It was a brief exchange, held in the Oval Office a few weeks after Donald Trump became the 45th president of the United States.
But the meeting between the now ex-president and his former lawyer Michael Cohen could prove pivotal in the criminal case against Mr Trump that is currently playing out in a high-profile New York trial.
“I was sitting with President Trump and he asked me if I was OK, he asked me if I needed money,” Mr Cohen testified at the trial on Tuesday.
He said he told the then-president he was “OK”, to which Mr Trump responded: “Alright, just make sure you deal with Allen [Weisselberg]”. Mr Weisselberg was the Trump Organization’s Chief Financial Officer at the time.
Then, Cohen testified, Mr Trump told him a cheque would be coming soon.
After the meeting, Cohen posed for a photo behind the famous lectern in the White House briefing room.
On Tuesday, that snapshot of the man who once said he’d take a bullet for Mr Trump, in a black suit and standing at the press secretary’s podium, flashed up on courthouse television screens as evidence in the first-ever criminal trial of a former US president.
Prosecutors also showed an email from a White House aide confirming the meeting.
Mr Trump denies dozens of charges of falsifying accounts to hide a hush-money payment made to adult-film actress Stormy Daniels, who claims they had a sexual encounter, in the lead-up to the 2016 presidential election.
According to prosecutors, Cohen made the payment and was then reimbursed in monthly instalments disguised as legal fees. They say that Mr Trump’s alleged hiding of the purpose of the reimbursements was election interference.
The court heard that after the meeting, cheques reimbursing Cohen for the $130,000 (£103,000) he paid to Ms Daniels started to arrive, some with Mr Trump’s signature.
Cohen’s invoices for these $35,000 monthly cheques were marked as “services rendered”.
But speaking in front of a courthouse packed with media and members of the public, Mr Cohen said the invoices were false. He testified they were really to reimburse him for the hush money, with extra dollars added in to cover potential taxes.
These documents – 11 cheques, 11 invoices and 12 entries in an accounts ledger – make up the 34 felony counts charged against Mr Trump of falsifying business records.
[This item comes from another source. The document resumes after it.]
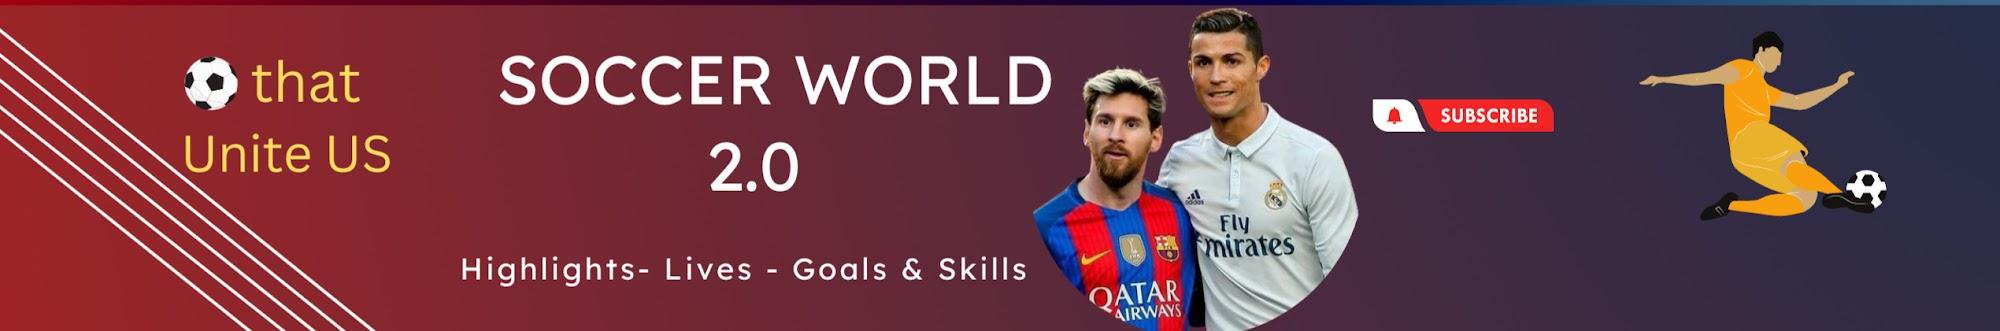 Soccer World 2.0
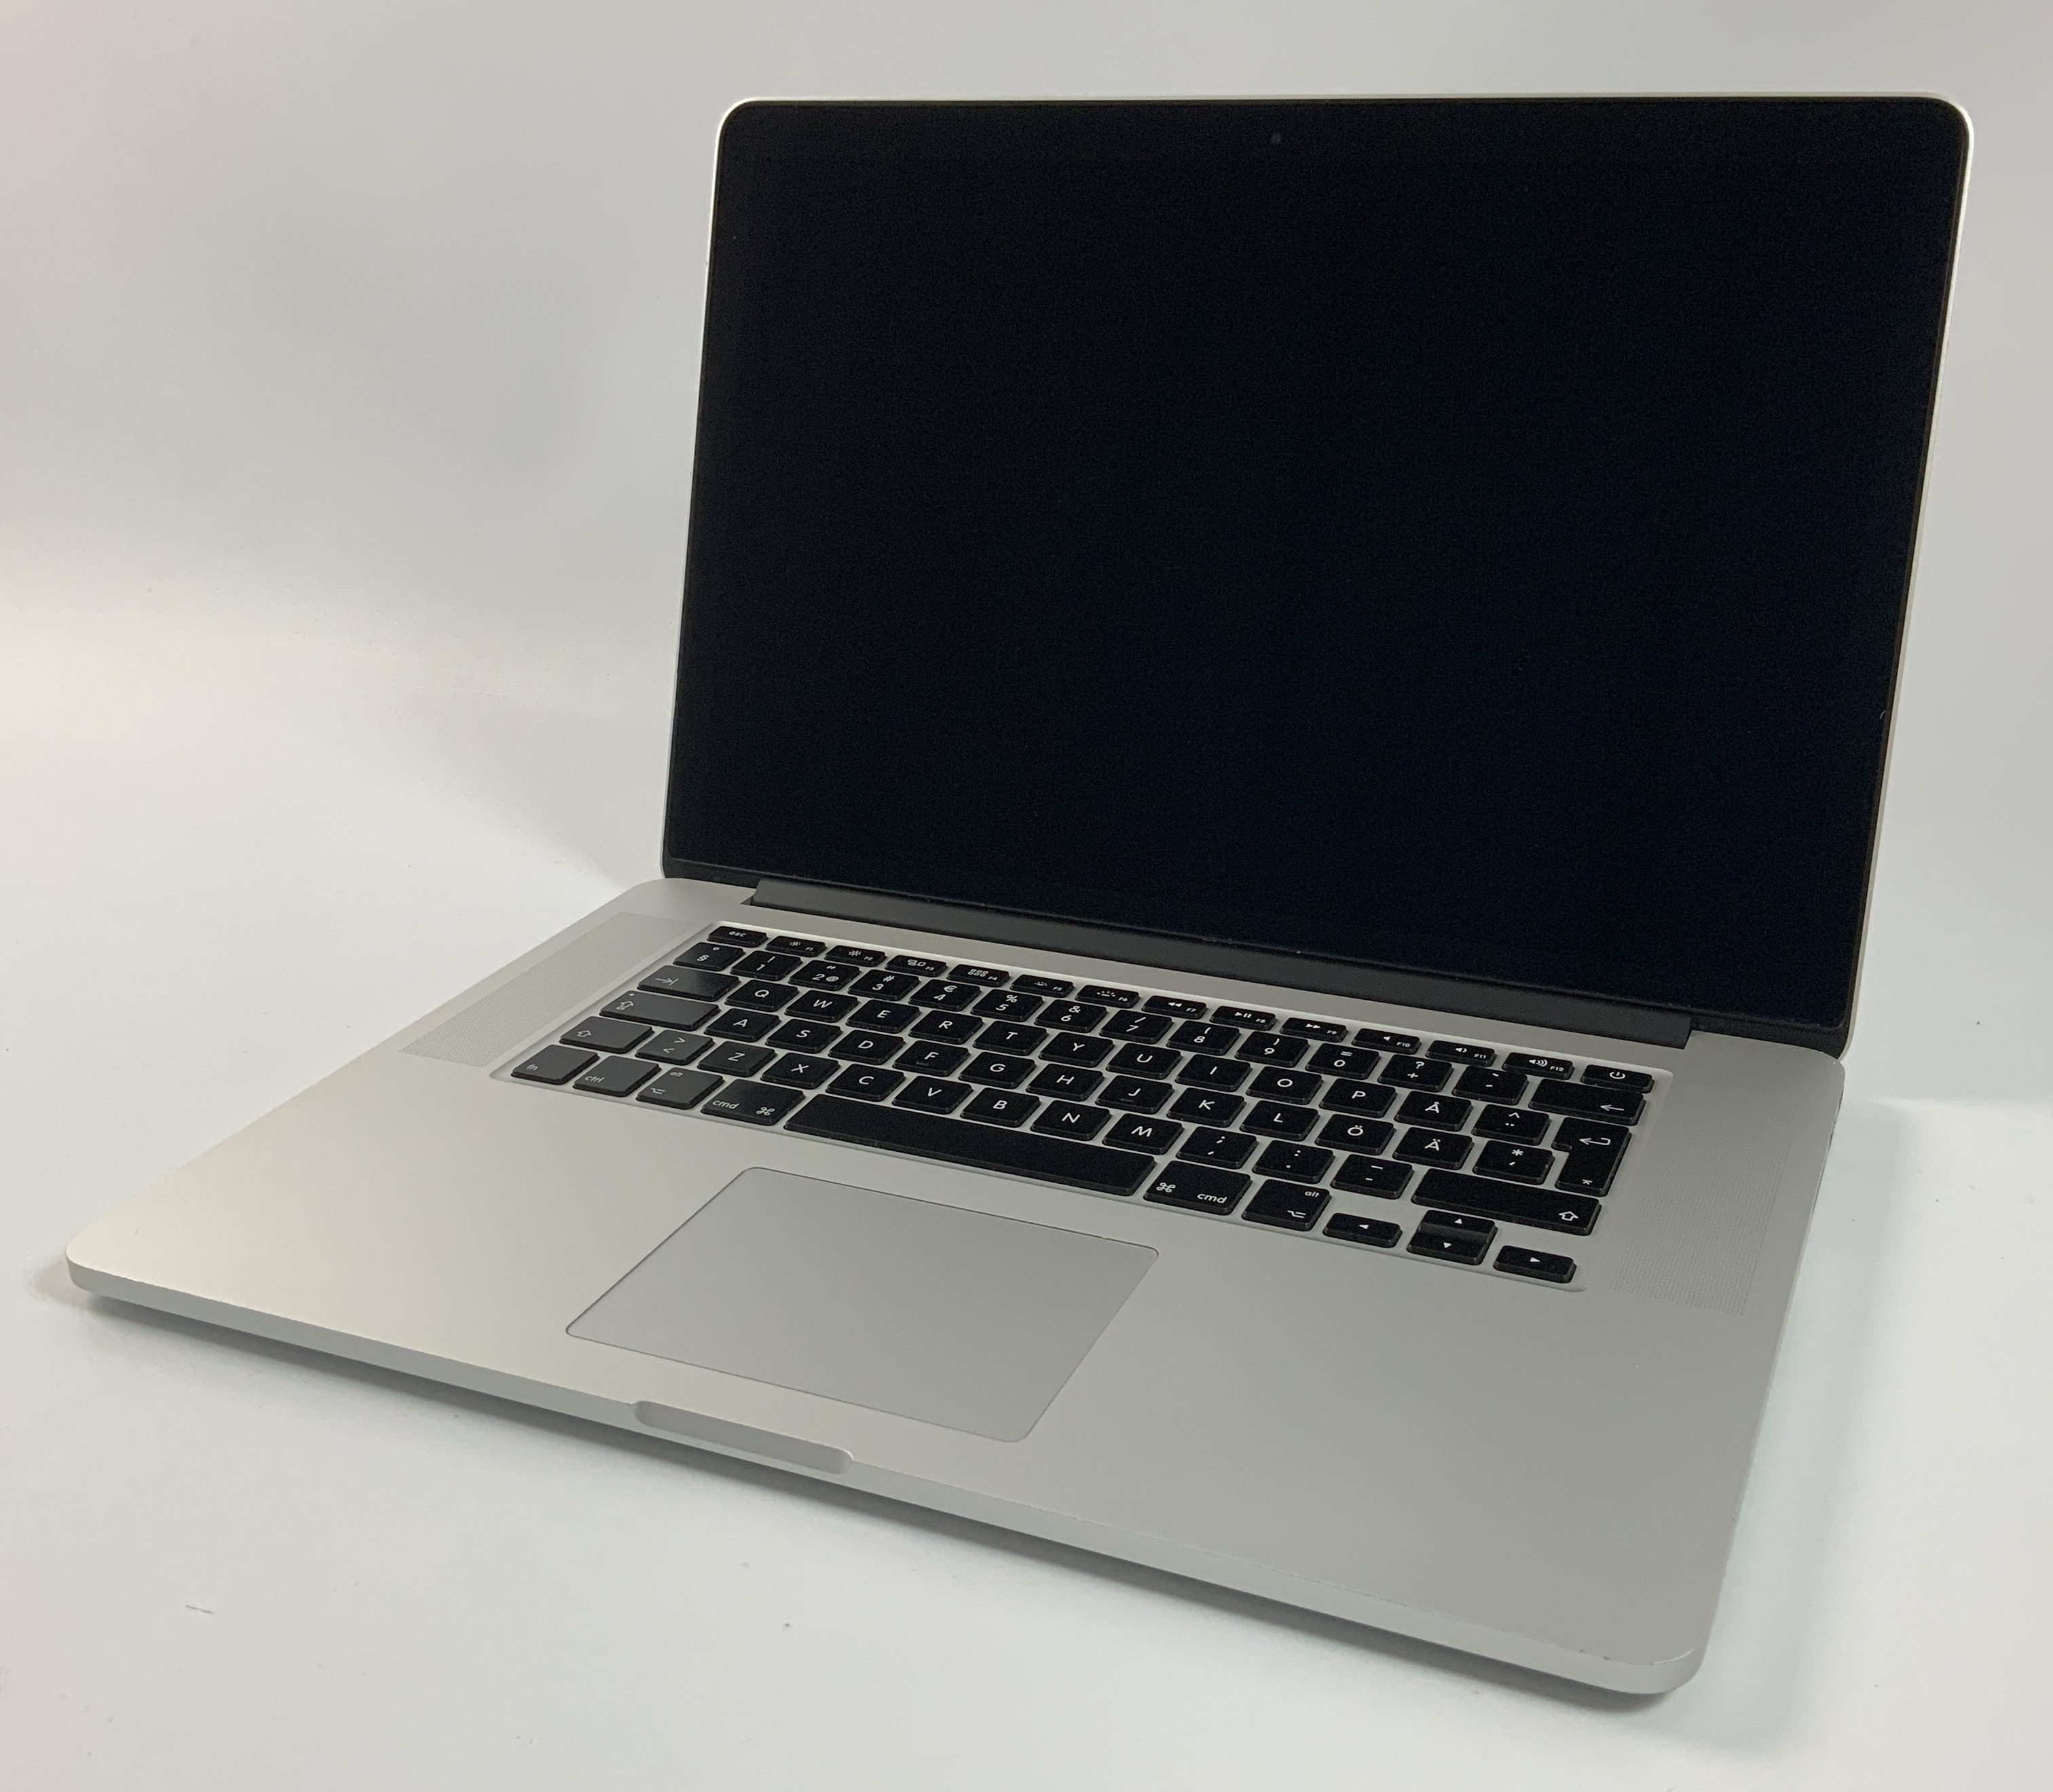 MacBook Pro Retina 15" Mid 2014 (Intel Quad-Core i7 2.2 GHz 16 GB RAM 256 GB SSD), Intel Quad-Core i7 2.2 GHz, 16 GB RAM, 256 GB SSD, Kuva 1

Former Manhattan prosecutor Rebecca Roiphe told BBC News that the Oval Office meeting could be a key moment of the trial, but it depends on how credible the jury finds Mr Cohen, who has pleaded guilty to federal crimes, including campaign finance violations and lying to Congress.
“The prosecution could have established its case without Michael Cohen’s testimony about the in-person meeting in the Oval Office, but it certainly helps connect the dots,” Ms Roiphe said.
“If the jury believes this part of Cohen’s testimony, it would completely undermine one of the key defences – that Trump had nothing to do with these payments.”
But Mr Cohen’s history of lying to Congress, and his time in prison, in part related to paying hush money, are significant factors the jury will have to weigh up.
During two hours of cross-examination of Cohen on Tuesday, Trump’s legal team did not touch on his assertions that Trump knew of the hush-money payment and the alleged reimbursement plan. Instead, they worked to dismantle his credibility.
Ms Roiphe said the defence may keep up that line of attack in trying to counter the Oval Office claims when they resume questioning Cohen on Thursday.
“The defence has sought to portray Cohen as a spurned underling who was obsessed with Trump and would stop at nothing to exact revenge,” Ms Roiphe said. ” It can draw on this theme to try to make it seem as if this uncorroborated testimony is made up.”
And indeed that is exactly how this trial began, when Mr Trump’s lawyer Todd Blanche’s opening statement said this of Mr Cohen:
“He’s a convicted felon and a convicted perjurer – he’s an admitted liar”.